Which non-parametric test should I use while running GLM?

I'm trying to analyze some experimental data about animal behaviour using R and would need some help or advice regarding which non-parametric test should I use.

The variables I have are:
- Response variable: "Vueltasmin", a numeric one
- Explicatory variable: "Condicion", a factor with 6 levels
- Random effect variable: "Bicho", as the same animal performing some behavioural task was measured more than once.
As I have a random effect variable, I chose a GLM model. Then, when checking the normality and homoscedasticity assumptions, Shapiro-Wilks test showed there was no normality and QQplots revealed there weren´t patterns nor outliers in my data. So the question would be: which non-parametric test would be optimal in this case, knowing that I would like to perform certain a posteriori comparisons (and not all-against-all comparisons)?? This is how the data plot would look like:

Here is some information that might be useful. I´d like to thank everyone in advance!

DATABASE: is composed of 174 observations (29 individuals that were tested in 6 different situations or tasks, represented by one colour in the bar graph and hence the random effect variable); "Bicho" stands for the individual; "Condicion" states the explicatory variable and "Vueltasmin" is the response variable. "Datos" is the name of my database.


## My model should be: Vueltasmin = Condicion + 1|Bicho
m1 <- lmer(Vueltasmin ~ Condicion + (1 | Bicho), Datos)

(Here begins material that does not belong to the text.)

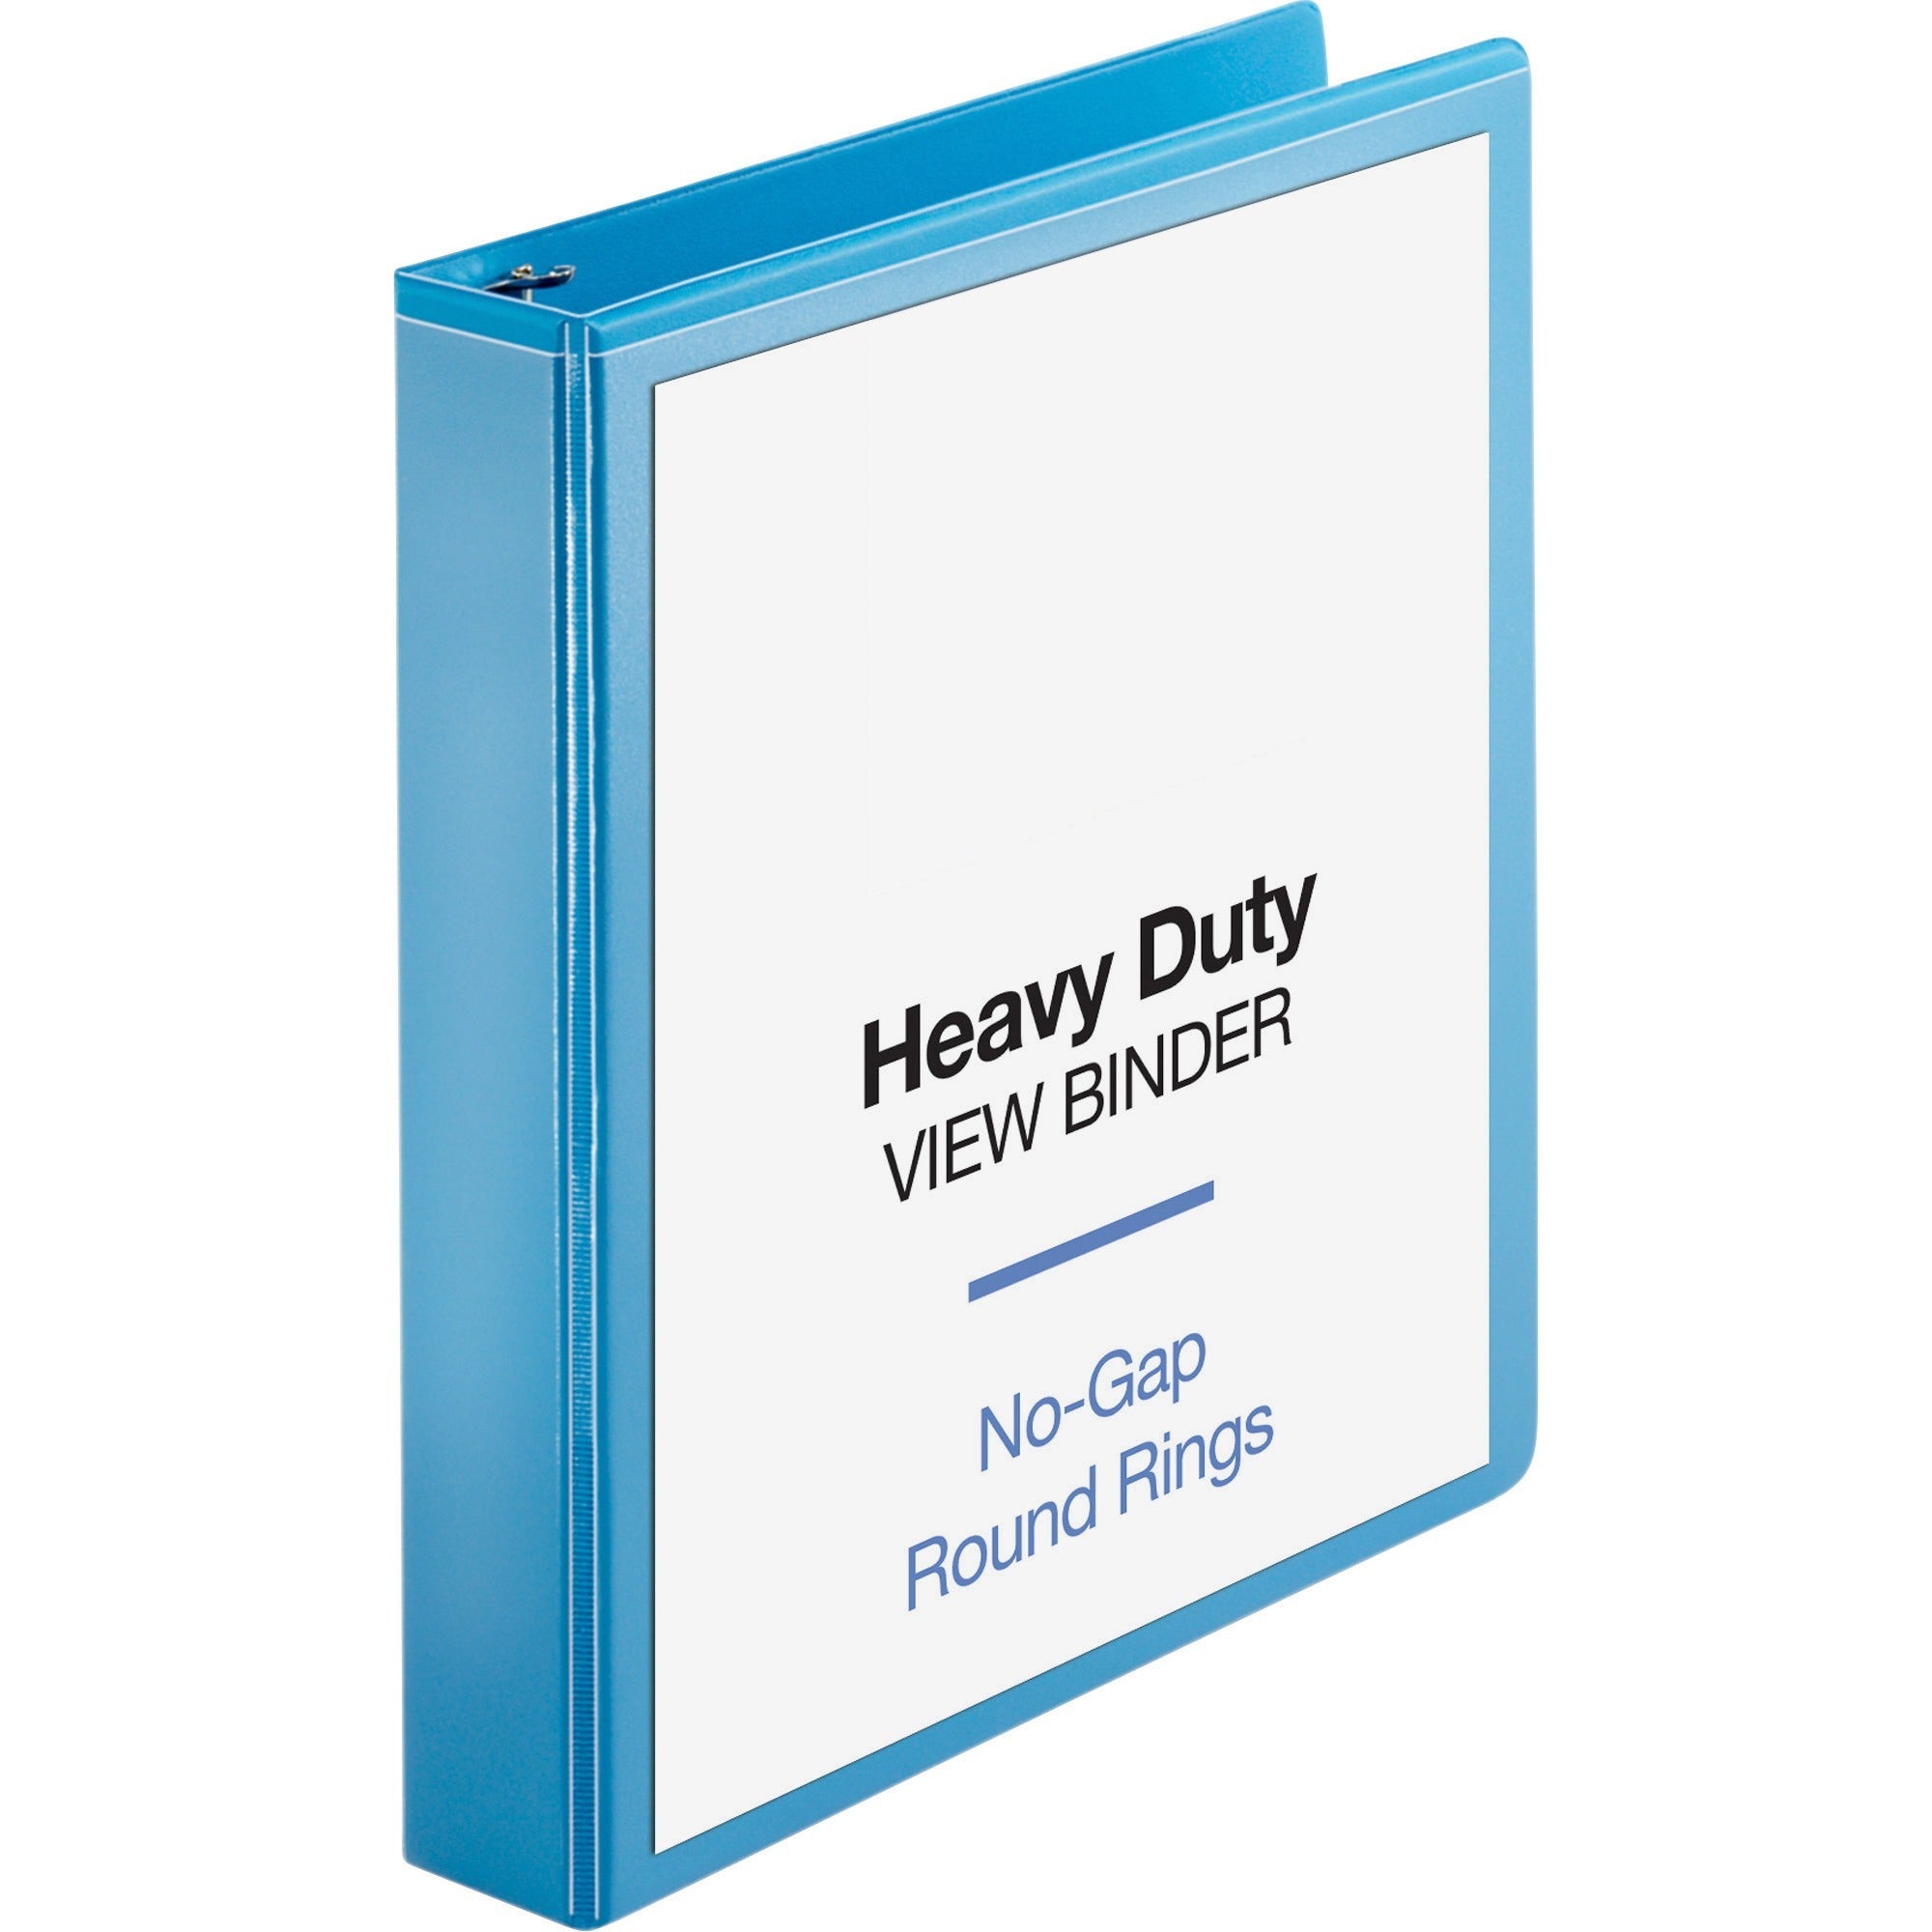 business-source-heavy-duty-view-binder-1-1-2-binder-capacity-letter-8-1-2-x-11-sheet-size-350-sheet-capacity-round-ring-fasteners-2-internal-pockets-polypropylene-covered-chipboard-light-blue-wrinkle-free-non-glare-ink-tran_bsn19652 - 1

#Checking assumptions BEFORE looking at the stats:
e1<-resid(m1) # Pearson residues
pre1<-predict(m1) #predicted

par(mfrow = c(1, 2))
plot(pre1, e1, xlab="Predichos", ylab="Residuos de pearson",main="Gráfico de
dispersión de RE vs PRED",cex.main=.8 )

abline(0,0) qqnorm(e1, cex.main=.9) #QQ plot qqline(e1) par(mfrow = c(1, 1)) shapiro.test(e1)

Last edited:


Active Member
The data are never normal, so don't worry about the Shapiro-Wilk statistic. To a first approximation, your results speak for themselves: DB is greater than everything else; DF is lower than everything else; and we can argue about the others. I would use parametric statistics to compare treatments and do a sensitivity analysis without the outlier in the upper-right corner of the QQ plot to see if results are sensitive to that data point.
Hi, thanks for the response!
The shapiro, histogram and QQplot were made with the residuals, not with the dependent variable, so I think it still would matter. Nevertheless the sensitivity analysis is a good idea. Any thoughts on how can I ask R to tell me which datapoints are those? Thanks!